From the viewpoint of excellent reinforcement and viscoelasticity, the surface-treated clay is preferably a surface-treated clay having a functional group capable of reacting with a rubber component, and more preferably a mercapto surface-treated clay. The mercapto surface-treated clay is a surface-treated clay having a mercapto group.

The surface-treated clay is not particularly limited with respect to its production method. The clay used in producing the surface-treated clay is not particularly limited, and examples thereof include kaolin clay. Examples of the surface treatment agent used when producing the surface-treated clay include an organic compound having a reactive group capable of reacting with the clay and a functional group capable of reacting with the rubber component. Examples of functional groups capable of reacting with the rubber component include amino groups and mercapto groups. Specific examples of the surface treatment agent include, for example, alkoxysilyl groups (wherein _{n in the} formula —SiOR _n is an integer of 1 to 3, and other groups bonded to silicon atoms when n = 1 or 2 are not particularly limited). For example, an alkyl group may be mentioned).
For example, when producing a surface-treated clay using a mercaptosilane having an alkoxysilyl group as a surface treating agent, the mercapto group is imparted to the clay surface by the reaction of the alkoxysilyl group of mercaptosilane with the clay.
And the pendant (for example, functional group like a mercapto group) which surface treatment clay has carries out a crosslinking reaction with rubber | gum can form a chemical bond, and can express reinforcement property to a conveyor belt.

  In the composition of the present invention, the total content of the carbon black and the surface-treated clay is 10 to 30 parts by mass with respect to 100 parts by mass of the rubber component (A). If it is this range, basic physical properties, such as breaking strength of a rubber composition, tear strength, and abrasion resistance, can be improved. The content is preferably 15 to 28 parts by mass, and particularly preferably 20 to 25 parts by mass in that these physical properties can be improved and the power consumption can be further reduced. If the content is too low, the rolling processability is inferior and the tensile strength tends to decrease. If the content is too high, tan δ described later tends to increase and ΔH and ΔH (index) also tend to increase. In addition, the viscosity of the composition is increased, the Mooney scorch is shortened, burns may occur, and rolling may not be possible.

  In the composition of the present invention, the compounding ratio of the carbon black and the surface-treated clay (carbon black / surface-treated clay: mass ratio) is 0.3 to 3, preferably 0.5 to 2.5. More preferably, it is 1.0-2.0. This is because the resulting composition of the present invention has good rupture strength, tensile strength and abrasion resistance after vulcanization, and can maintain the basic physical properties of the conveyor belt.

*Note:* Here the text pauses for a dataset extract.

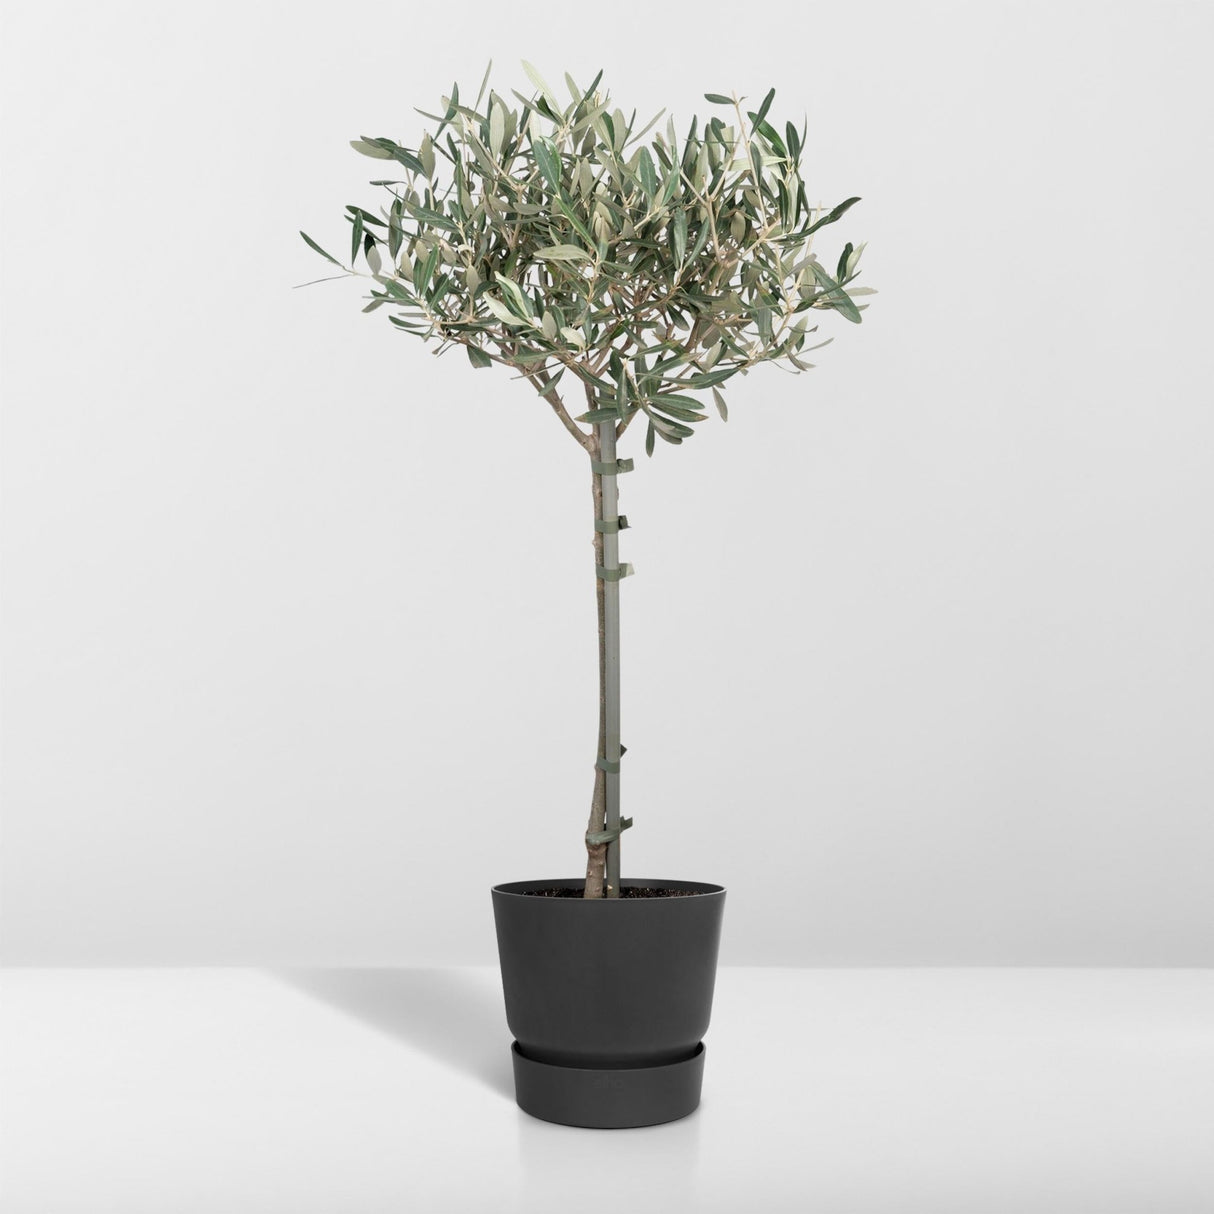 Livraison plante - Olivier olea - 90cm - Ø19 - arbuste fruitier - Plante extérieur
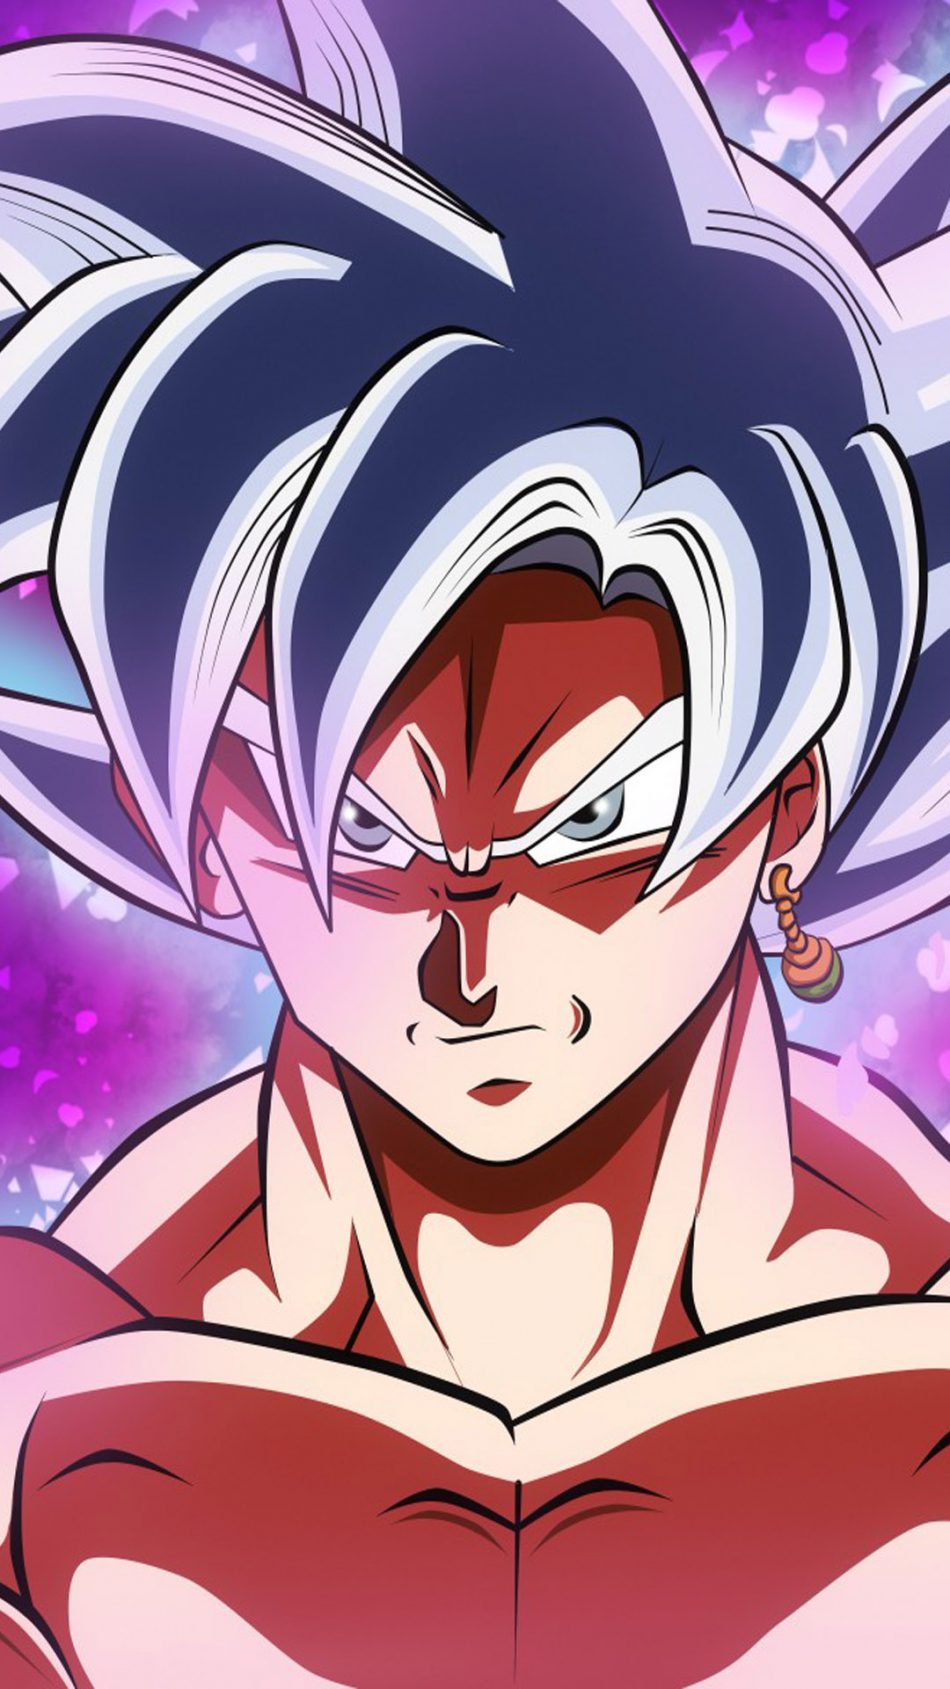 Bạn đam mê Goku Black? Hãy xem bức tranh với chất lượng Ultra HD này để thấy rõ hơn vẻ đẹp và sức mạnh của nhân vật ấy. Chi tiết tuyệt vời về áo ngực cùng chi tiết ánh sáng tuyệt đẹp, tất cả sẽ khiến bạn thấy như lạc vào thế giới Dragon Ball quen thuộc.

  In addition to the rubber component, the carbon black, and the surface treatment clay, the composition of the present invention contains a crosslinking agent such as a vulcanizing agent, a vulcanization aid, and a vulcanization accelerator, and a vulcanization retarder. In the range not impairing the object of the present invention, a compounding agent, a polymer and the like may be contained.

  The content of the vulcanizing agent, vulcanization accelerator, and vulcanization aid is preferably 0.1 to 10 parts by mass, and 0.5 to 5 parts by mass with respect to 100 parts by mass of the rubber component. Particularly preferred. If the amount is less than 0.1 parts by mass, vulcanization is insufficient and the rubber composition is soft, and ΔH, which will be described later, may increase. The properties (stretchability, etc.) may be impaired and may not be suitable as a conveyor belt material.

The composition of the present invention may also contain a vulcanization retarder.
The content of the vulcanization retarder is preferably 0.1 to 0.3 parts by mass with respect to 100 parts by mass of the rubber component.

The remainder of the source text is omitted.